**Data records:**
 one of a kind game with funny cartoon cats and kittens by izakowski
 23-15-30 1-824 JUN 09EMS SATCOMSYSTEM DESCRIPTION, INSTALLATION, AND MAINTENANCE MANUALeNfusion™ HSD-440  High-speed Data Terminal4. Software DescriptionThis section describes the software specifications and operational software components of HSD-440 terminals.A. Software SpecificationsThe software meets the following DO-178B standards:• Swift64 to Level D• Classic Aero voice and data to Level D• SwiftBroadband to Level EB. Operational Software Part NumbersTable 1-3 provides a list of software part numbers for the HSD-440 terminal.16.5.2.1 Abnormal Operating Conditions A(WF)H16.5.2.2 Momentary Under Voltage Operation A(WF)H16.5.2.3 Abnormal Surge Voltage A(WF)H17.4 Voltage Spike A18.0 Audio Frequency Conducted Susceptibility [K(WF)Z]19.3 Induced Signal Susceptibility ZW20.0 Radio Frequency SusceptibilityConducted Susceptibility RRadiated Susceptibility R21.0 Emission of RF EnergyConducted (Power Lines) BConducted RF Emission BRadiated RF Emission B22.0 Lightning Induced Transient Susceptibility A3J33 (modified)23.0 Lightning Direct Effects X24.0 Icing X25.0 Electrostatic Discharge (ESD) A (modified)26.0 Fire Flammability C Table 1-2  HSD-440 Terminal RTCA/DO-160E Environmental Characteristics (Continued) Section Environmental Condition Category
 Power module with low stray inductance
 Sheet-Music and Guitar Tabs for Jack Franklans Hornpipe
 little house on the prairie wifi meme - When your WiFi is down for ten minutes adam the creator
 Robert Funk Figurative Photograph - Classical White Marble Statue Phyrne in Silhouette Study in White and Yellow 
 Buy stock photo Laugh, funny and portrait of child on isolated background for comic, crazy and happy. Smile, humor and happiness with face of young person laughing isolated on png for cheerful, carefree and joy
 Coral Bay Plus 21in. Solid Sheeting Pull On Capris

**What to do:**
Only what runs from the line containing "Sheet-Music and Guitar" through the final line of the entries above belongs in the answer, restated exactly.

**Your response:**
 Sheet-Music and Guitar Tabs for Jack Franklans Hornpipe
 little house on the prairie wifi meme - When your WiFi is down for ten minutes adam the creator
 Robert Funk Figurative Photograph - Classical White Marble Statue Phyrne in Silhouette Study in White and Yellow 
 Buy stock photo Laugh, funny and portrait of child on isolated background for comic, crazy and happy. Smile, humor and happiness with face of young person laughing isolated on png for cheerful, carefree and joy
 Coral Bay Plus 21in. Solid Sheeting Pull On Capris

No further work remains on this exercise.